Лицо Эммы приняло недовольное выражение; она придумала тысячу отговорок и в конце концов заявила, что «это может показаться странным».

– А, наплевать! – сказал Шарль и сделал пируэт. – Здоровье – прежде всего! Ты не права!

– Как же это я буду ездить верхом, когда у меня даже амазонки нет?

– Ну так закажи! – ответил Шарль. Это ее убедило.

Когда костюм был сшит, Шарль написал Буланже, что жена согласна и что они рассчитывают на его любезность.

Ровно в двенадцать часов следующего дня у крыльца появился Родольф с двумя верховыми лошадьми. На одной из них было дамское седло оленьей кожи; розовые помпончики прикрывали ей уши.

Родольф надел мягкие сапоги, – он был уверен, что Эмма никогда таких не видала. В самом деле, когда он в бархатном фраке и белых триковых рейтузах взбежал на площадку лестницы, Эмма пришла в восторг от его вида. Она была уже готова и ждала."

Ремарка.
 Опасения Эммы оправдались. Их отъезд бурно обсуждали соседи.
 Аптекарь Омэ давал  им советыы о езде и лошадях.
 А во всём городке не было более опасного сплетника, как фармацевт Омэ.
 Дом аптекаря в этом городе был расположен рядом с домом доктора, рядом находился и трактир, где столовались семьи Омэ и Бовари.
 Это было их постоянное окружение.  Круг их общения.
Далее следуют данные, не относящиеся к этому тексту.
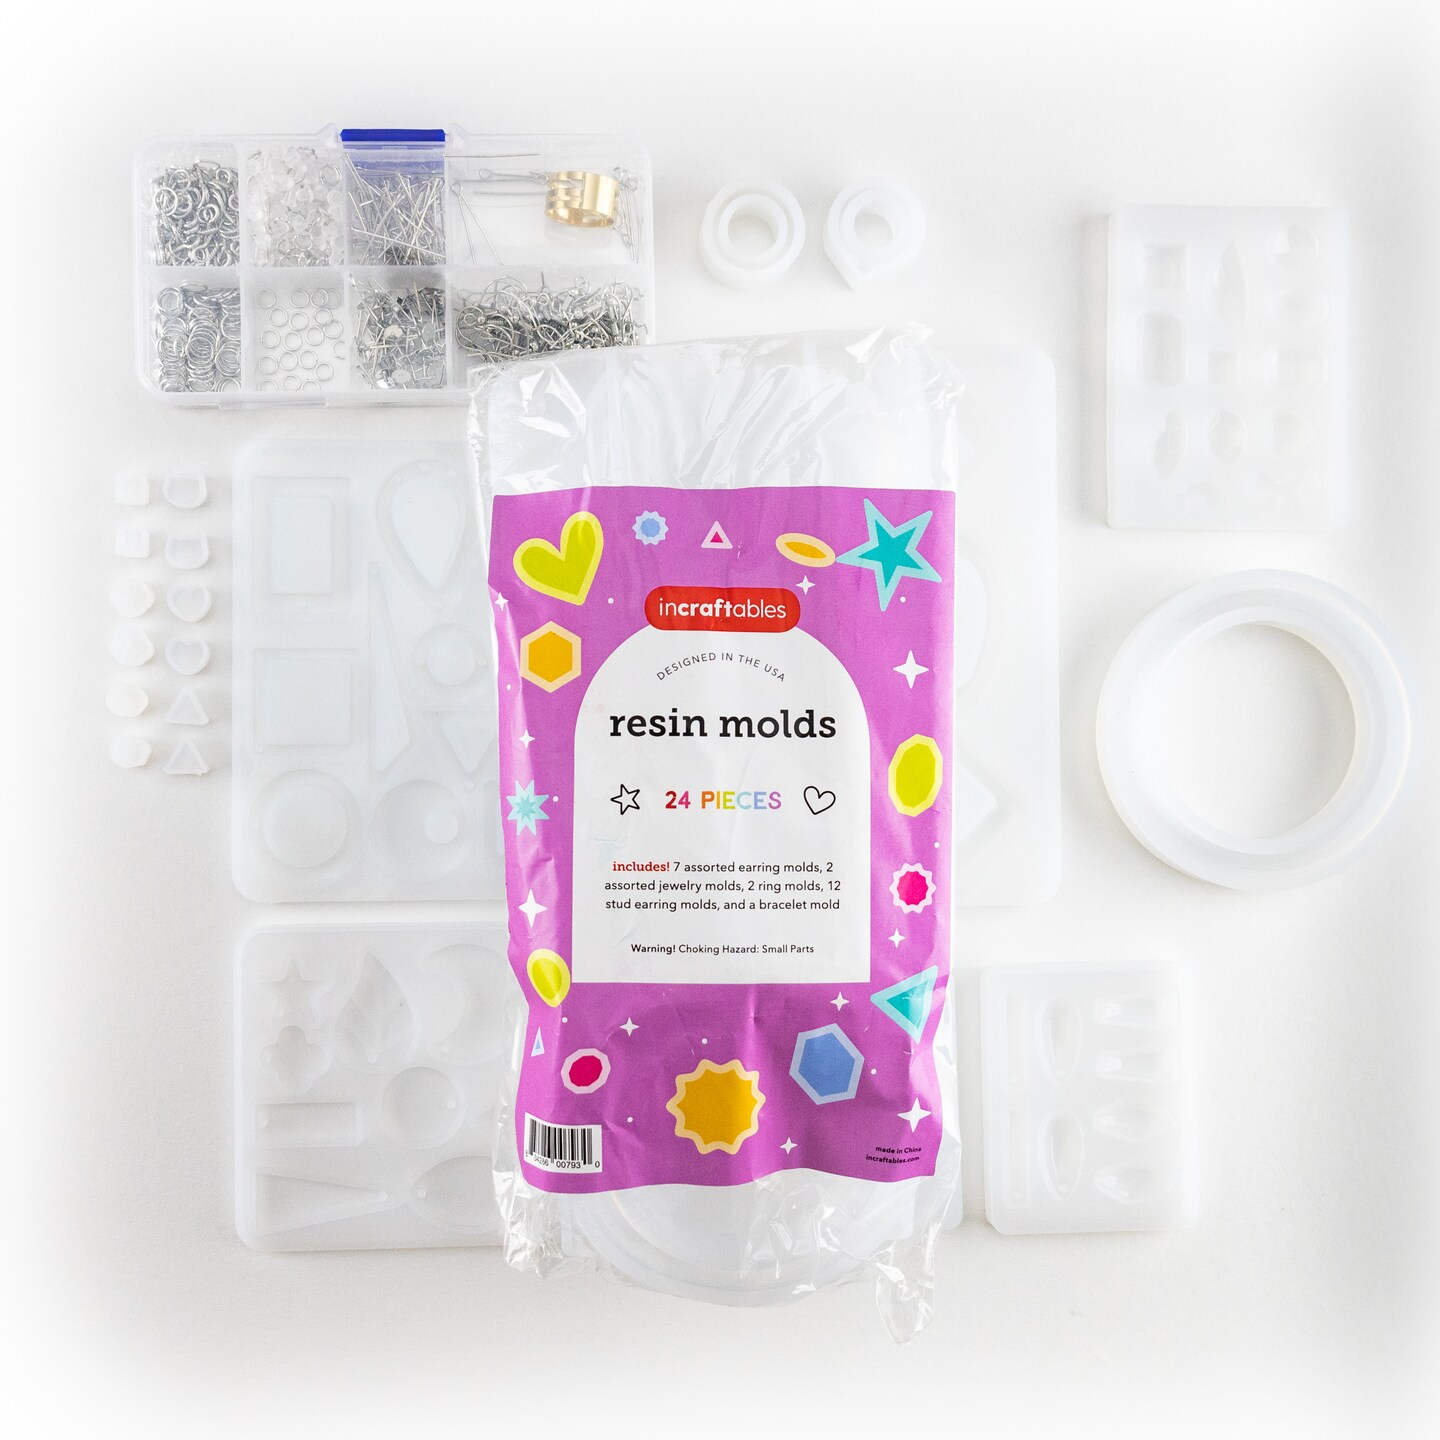 Incraftables Epoxy Resin Molds Kit Bundle. Silicone Resin Kit with Molds including 24pcs Molds, Earring, Keychain, Bracelet &#x26; DIY Jewelry Making Supplies. Large Epoxy Resin Kits and Molds Complete Set

"Жюстен удрал из аптеки, чтобы поглядеть на Эмму; сам фармацевт – и тот соизволил выйти. Он обратился к Буланже с наставлениями:

– Будьте осторожны! Долго ли до беды? Лошади у вас не горячи?

Эмма услышала над головой стук: это, развлекая маленькую Берту, барабанила по стеклу Фелисите. Девочка послала матери воздушный поцелуй – та сделала ответный знак рукояткой хлыстика.

– Приятной прогулки! – крикнул г-н Оме. – Но только осторожней, осторожней!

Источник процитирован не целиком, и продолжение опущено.